= Raw data =
##########

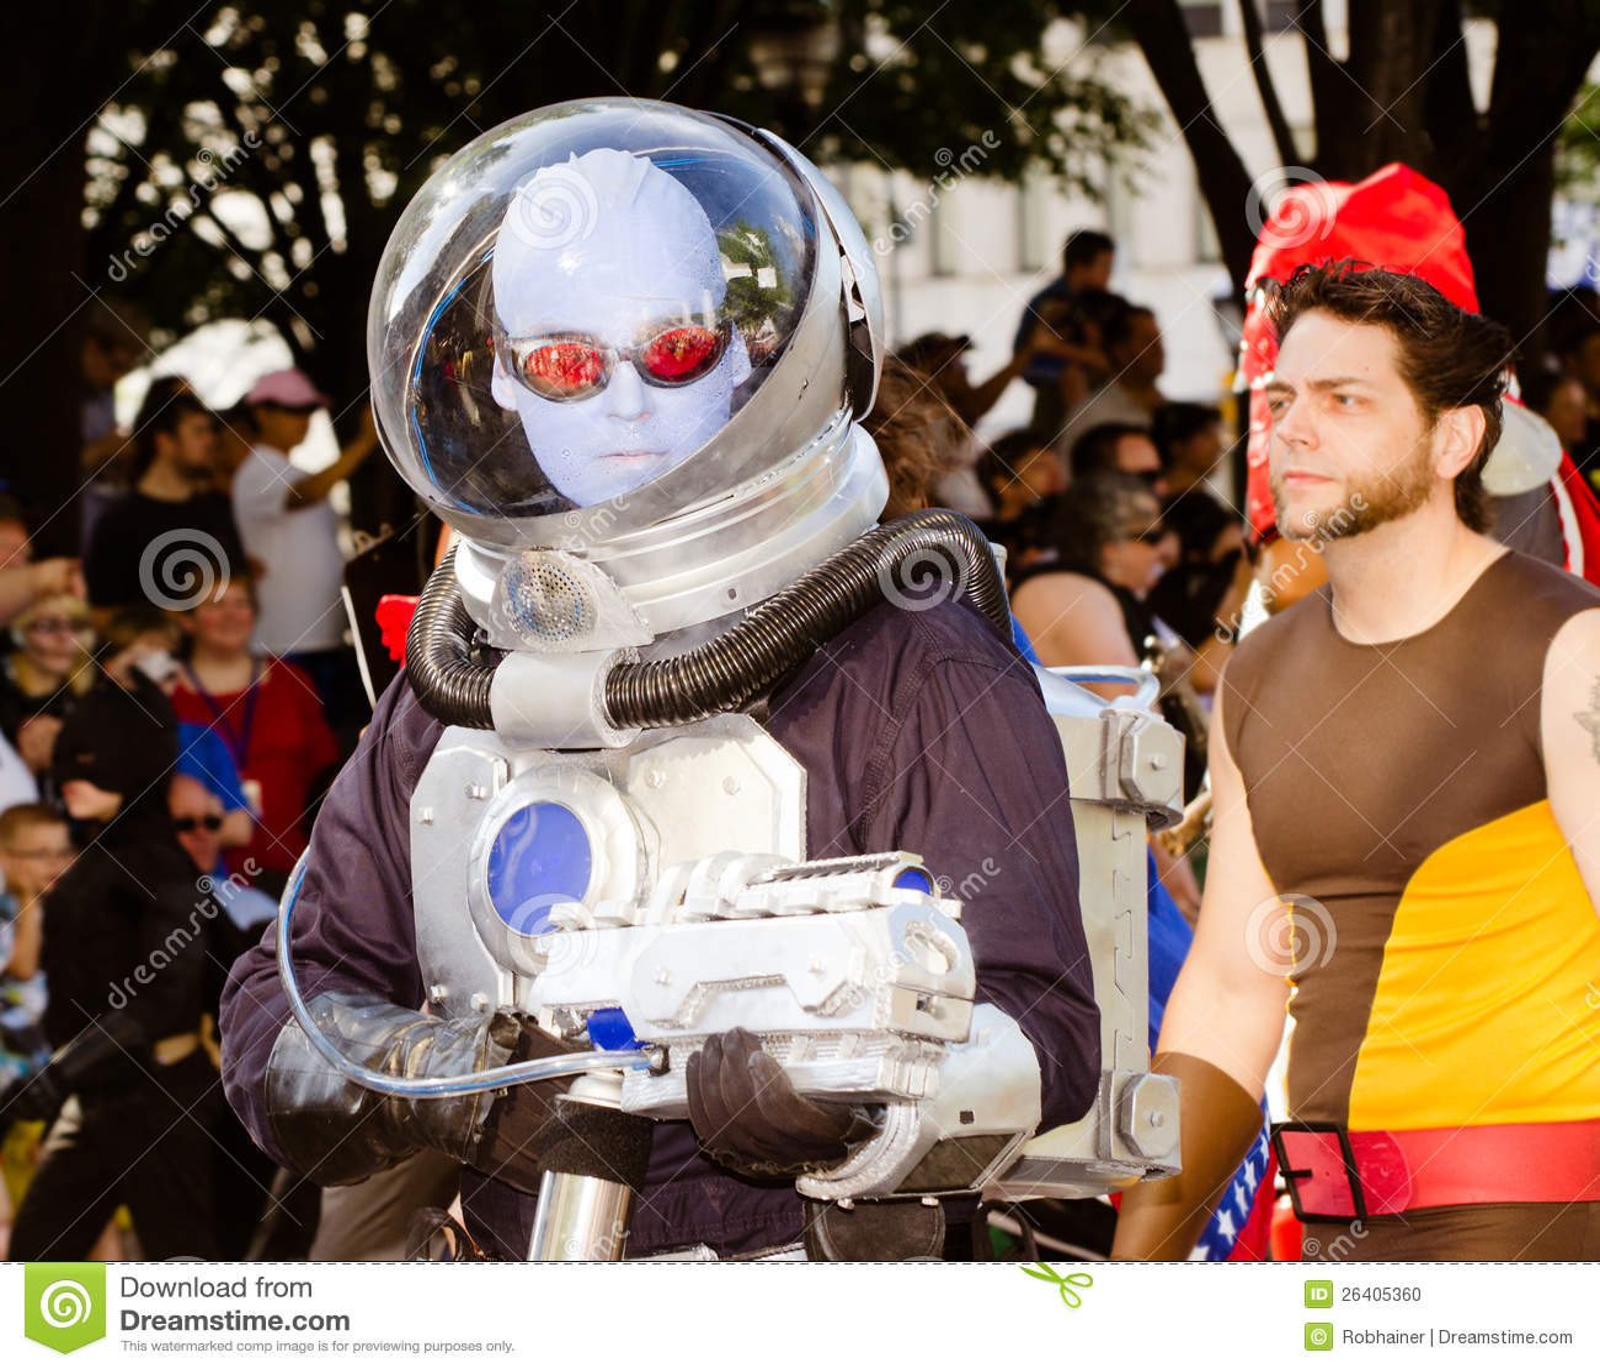 A comic book fan dressed as Mr. Freeze
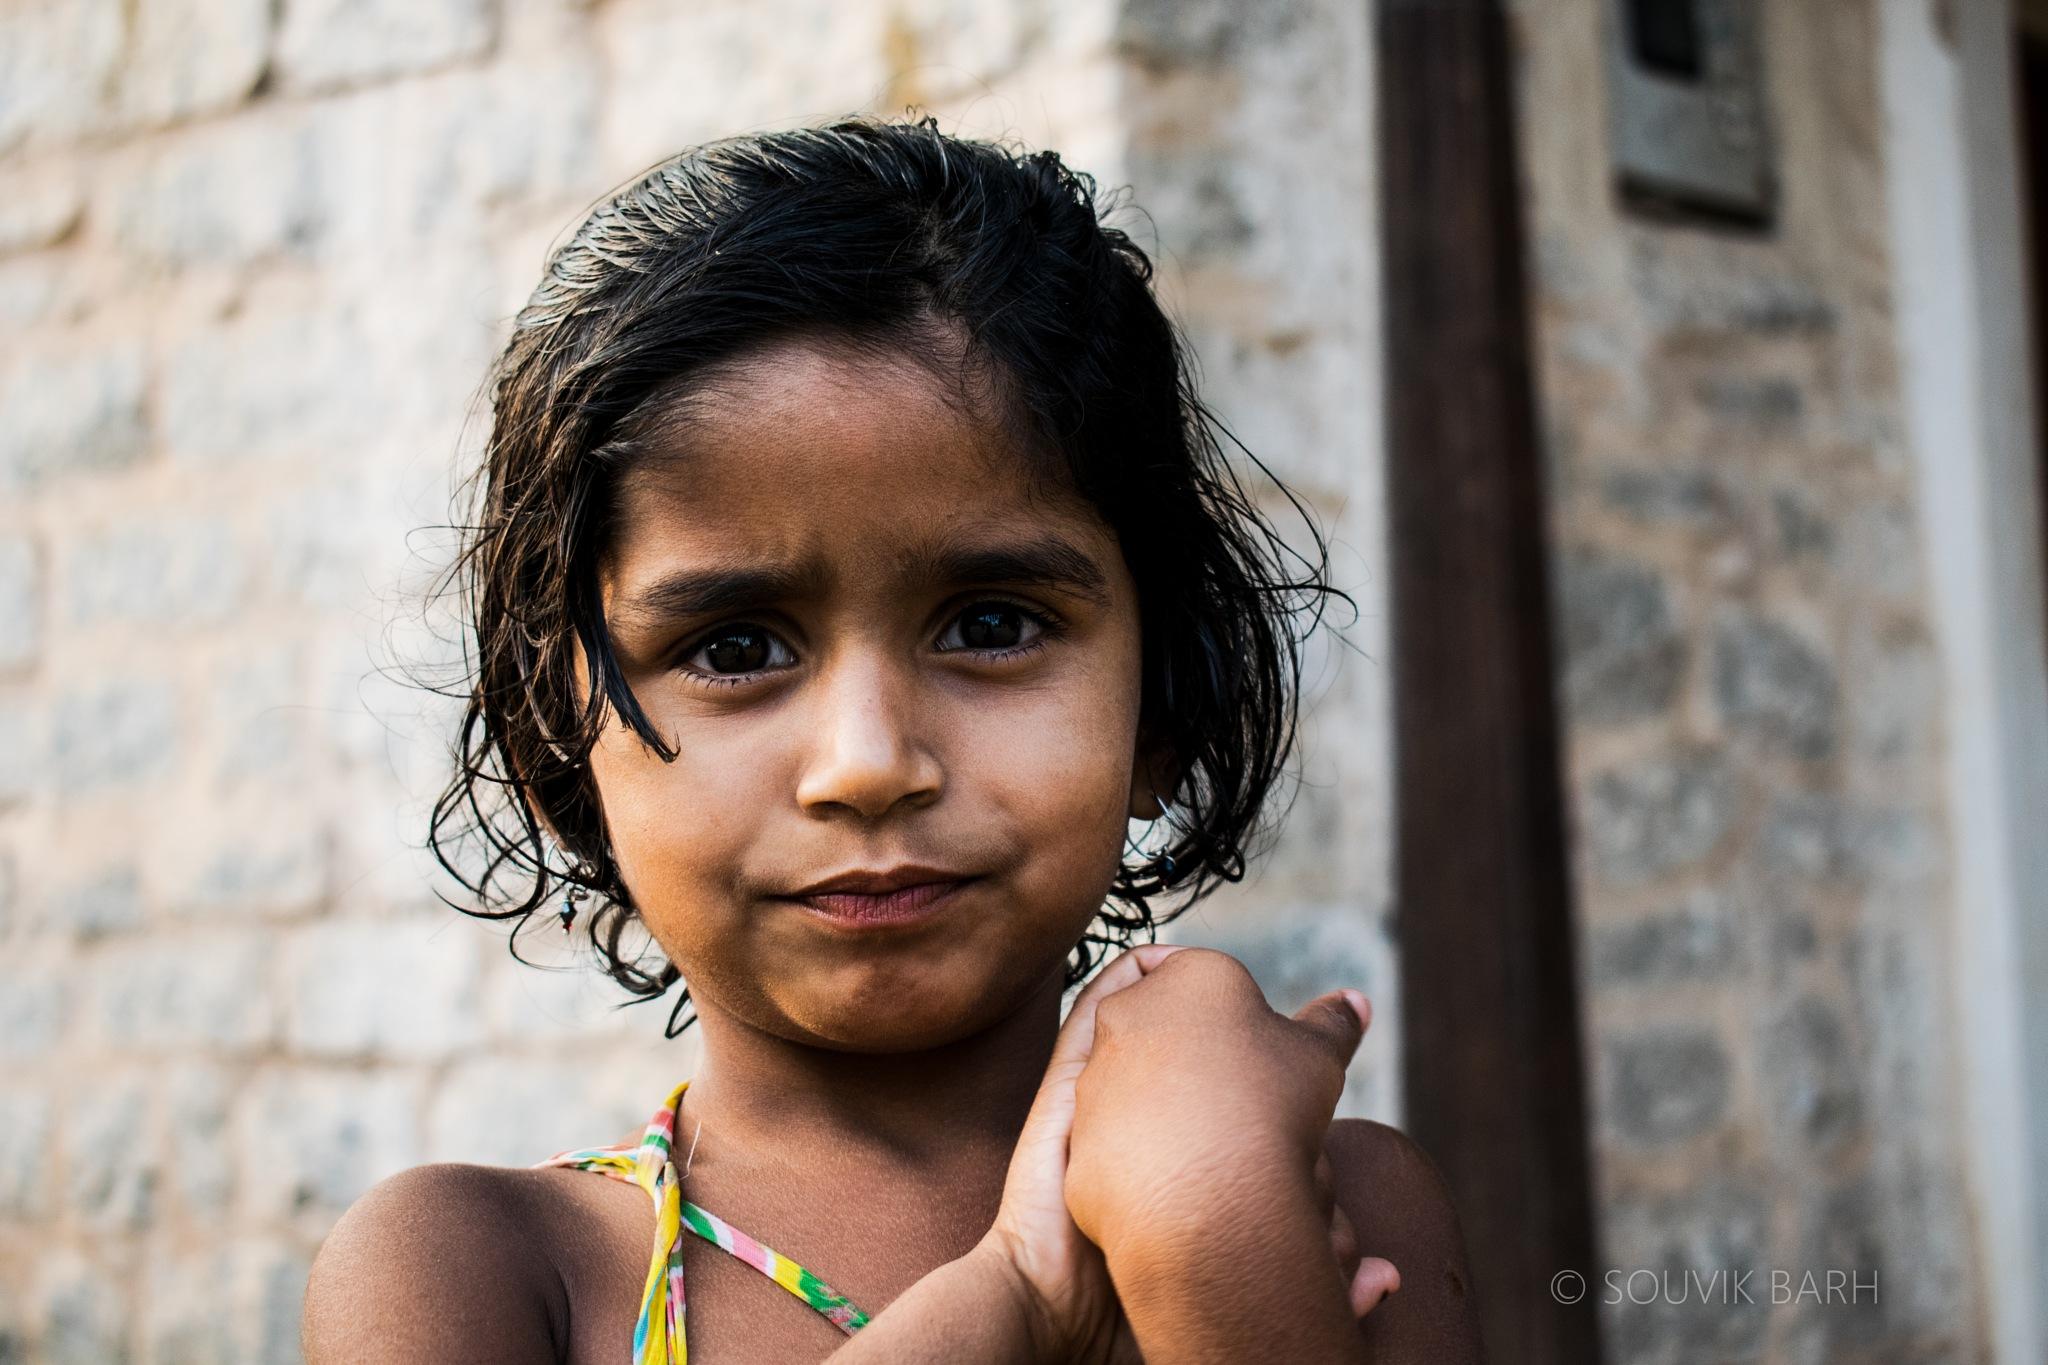 innocence  by Souvik Barh
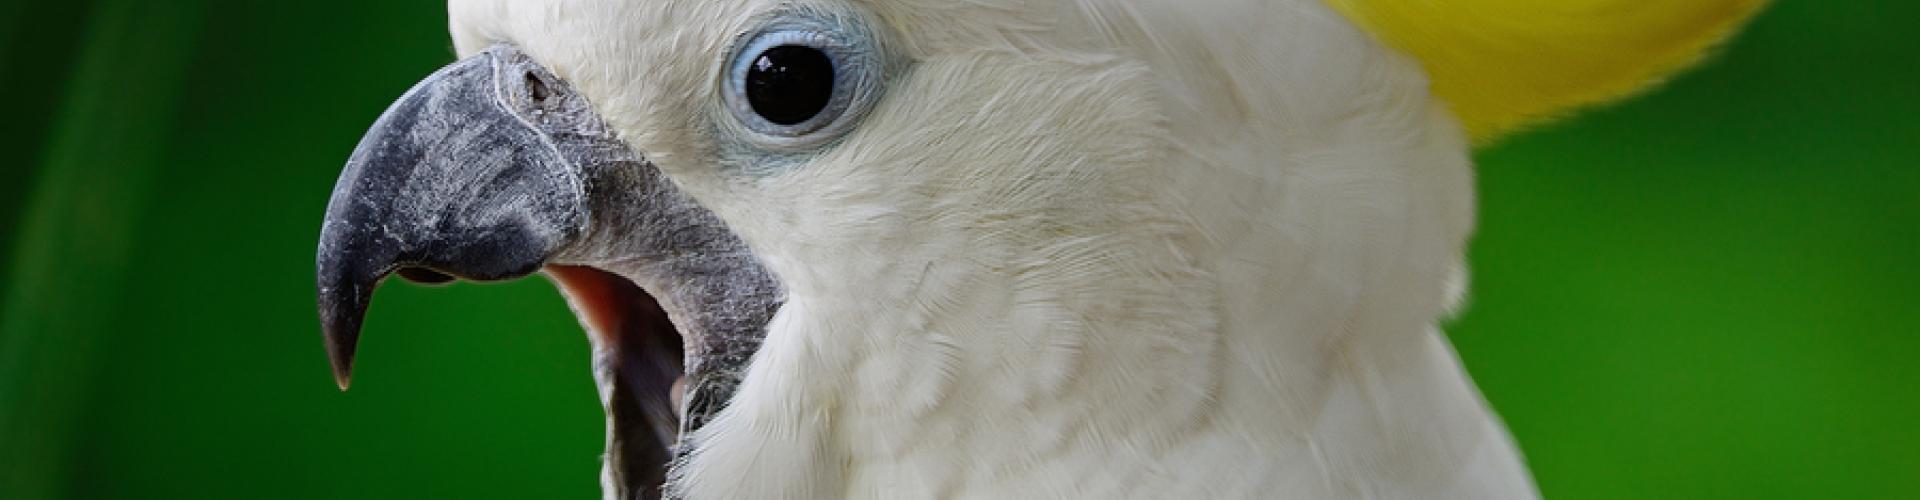 Arizona Exotic Animal Hospital | Veterinary care for exotic

##########

= What the exercise asks =
Could you retype every line above exactly as it appears, skipping the pictures?

= Reply to the task =
 A comic book fan dressed as Mr. Freeze
 innocence  by Souvik Barh
 Arizona Exotic Animal Hospital | Veterinary care for exotic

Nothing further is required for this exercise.